* Task
Images are not part of the copy; write out the rest of the data exactly as given.

* Data segment
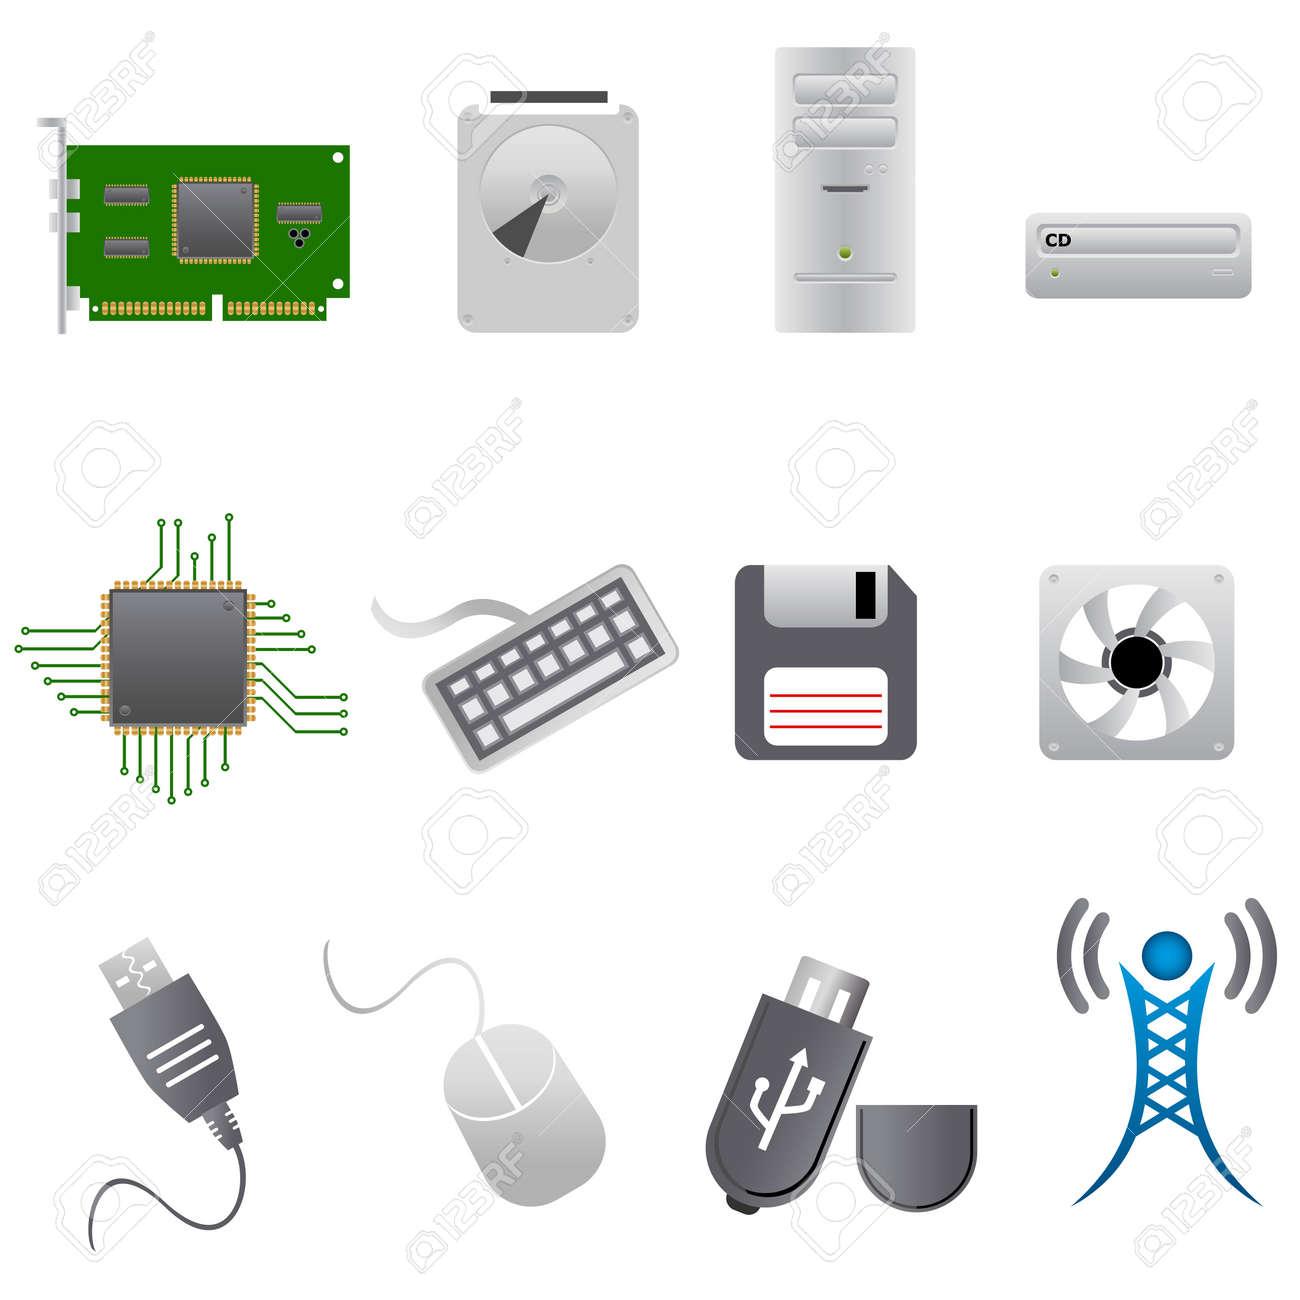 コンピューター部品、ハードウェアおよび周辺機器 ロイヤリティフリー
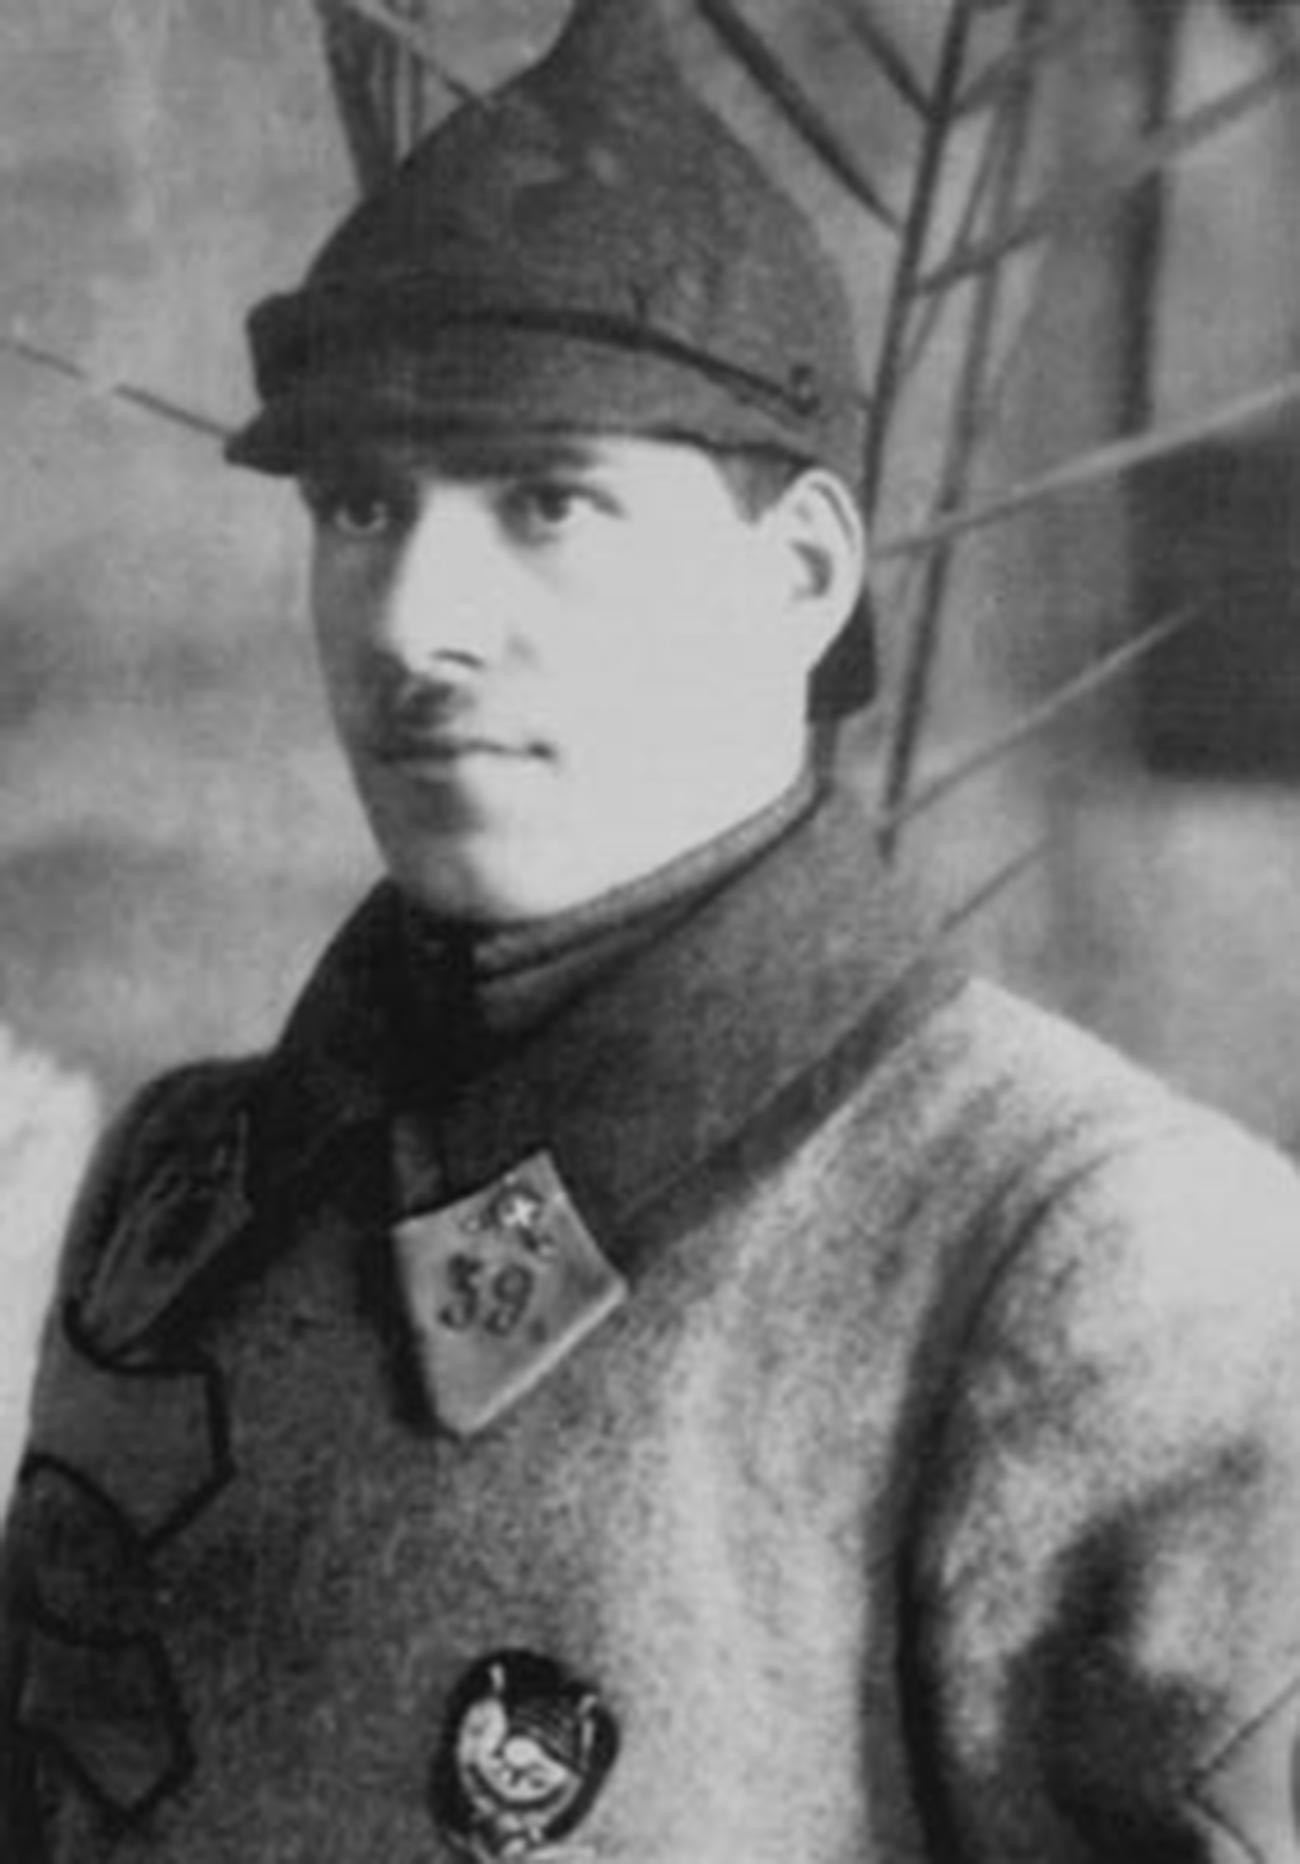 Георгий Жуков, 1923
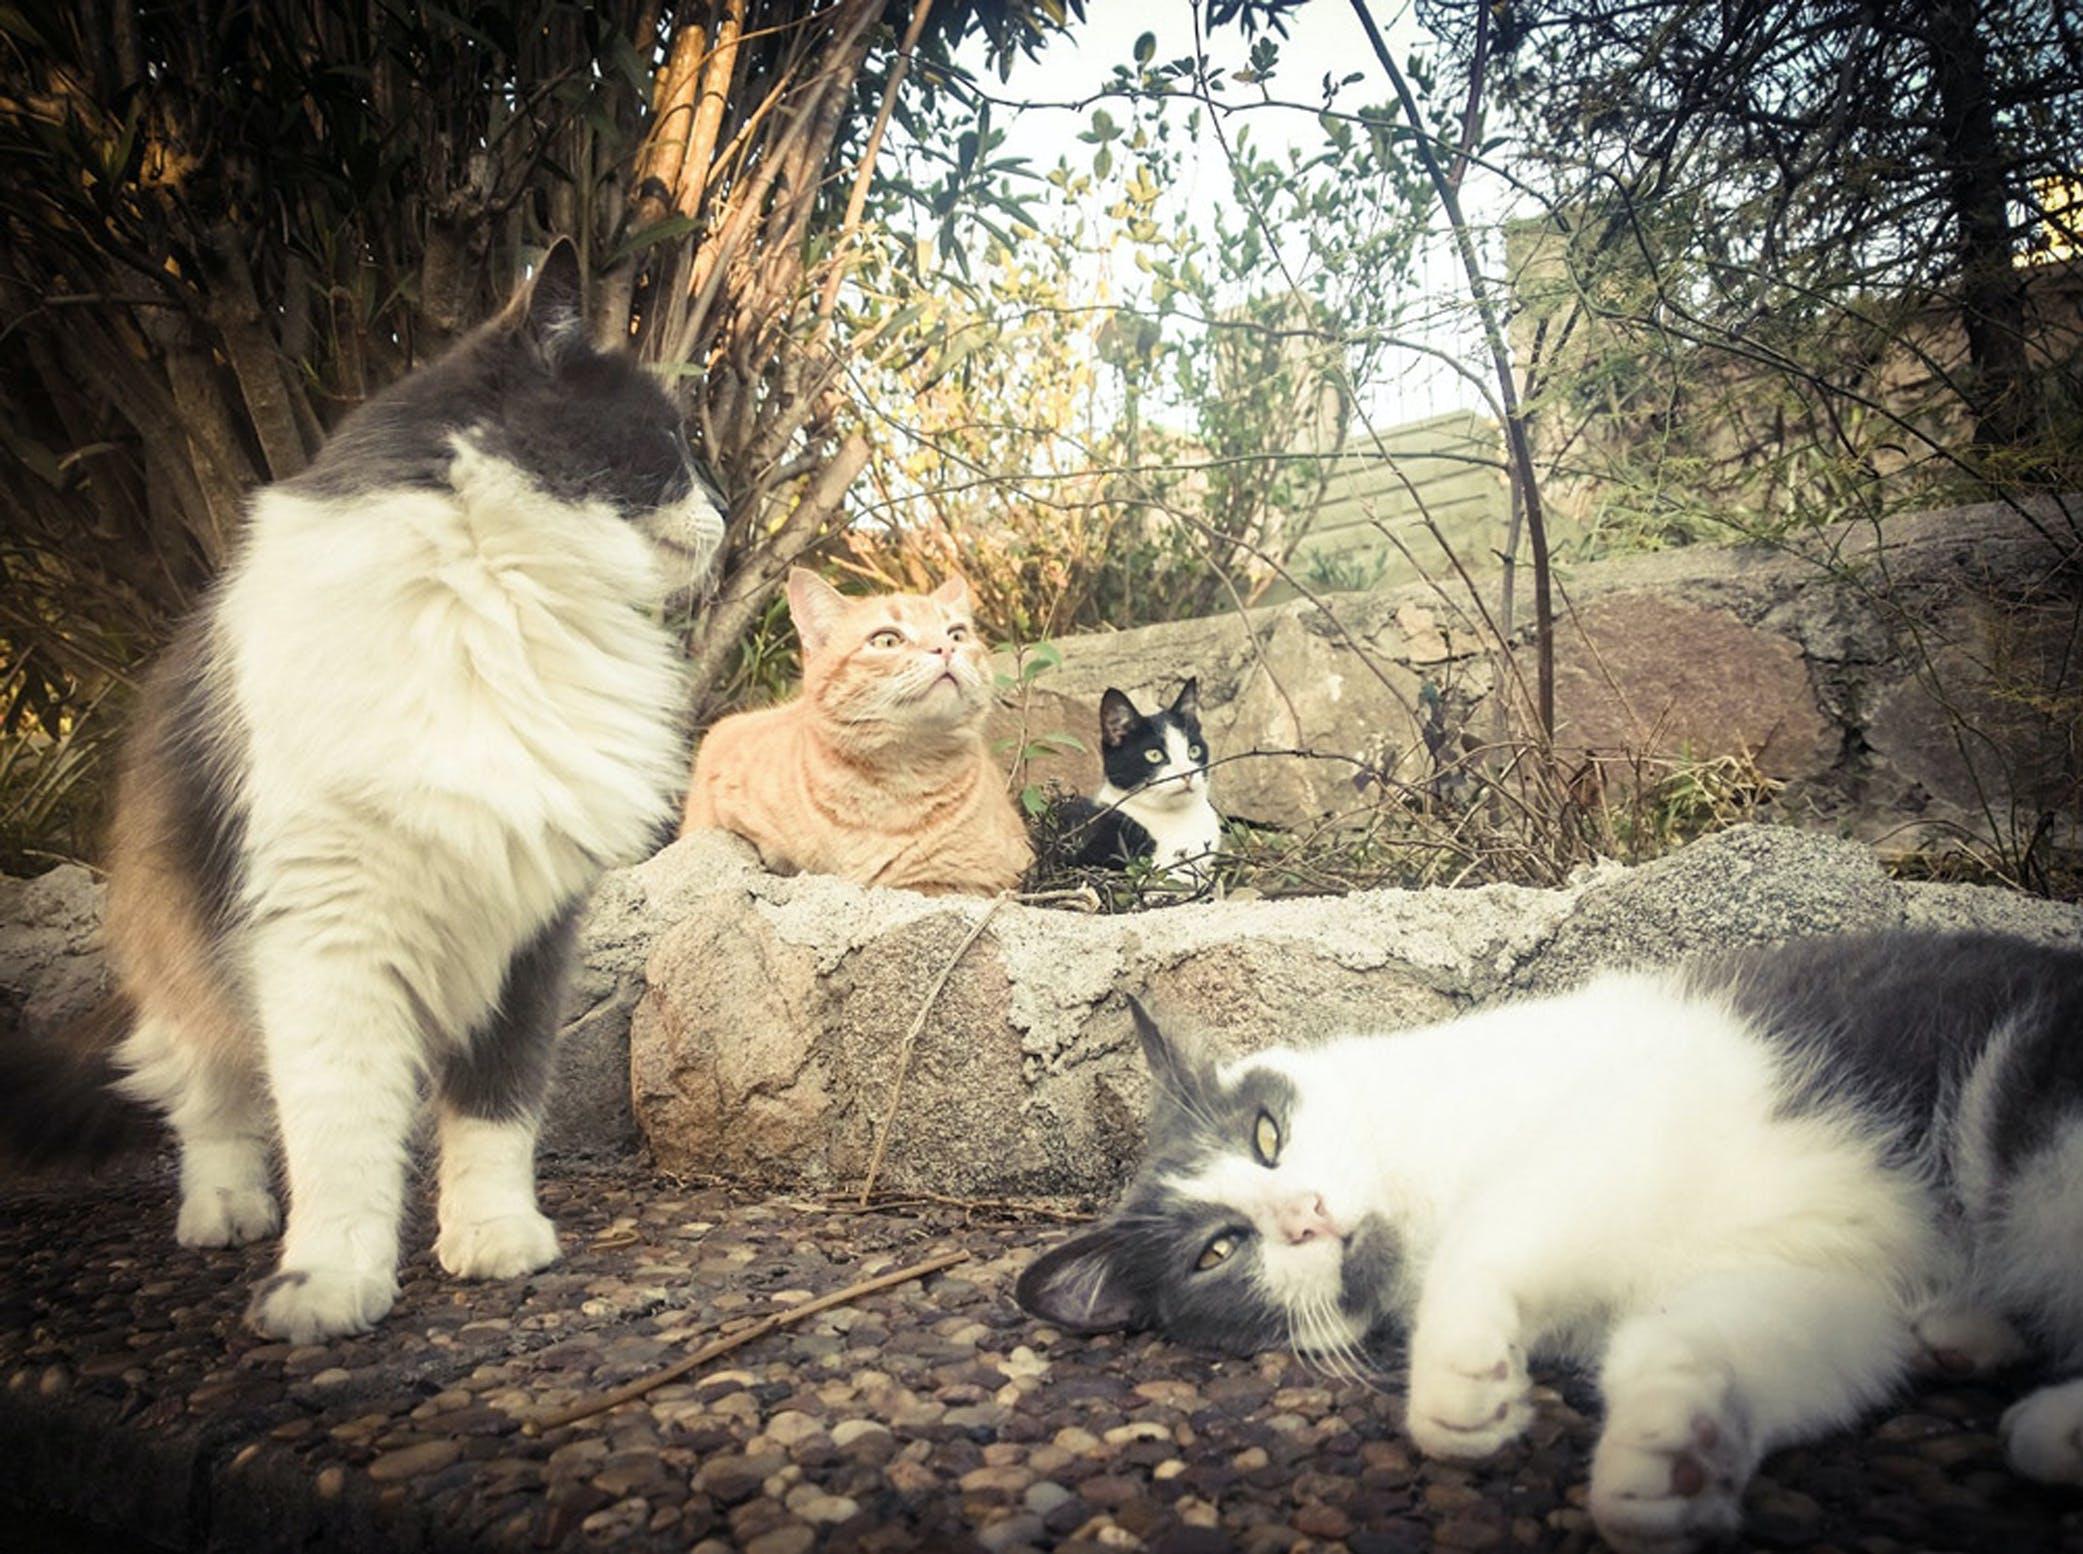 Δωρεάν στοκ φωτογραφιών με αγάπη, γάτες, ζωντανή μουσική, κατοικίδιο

* Output
 コンピューター部品、ハードウェアおよび周辺機器 ロイヤリティフリー
 Георгий Жуков, 1923
 Δωρεάν στοκ φωτογραφιών με αγάπη, γάτες, ζωντανή μουσική, κατοικίδιο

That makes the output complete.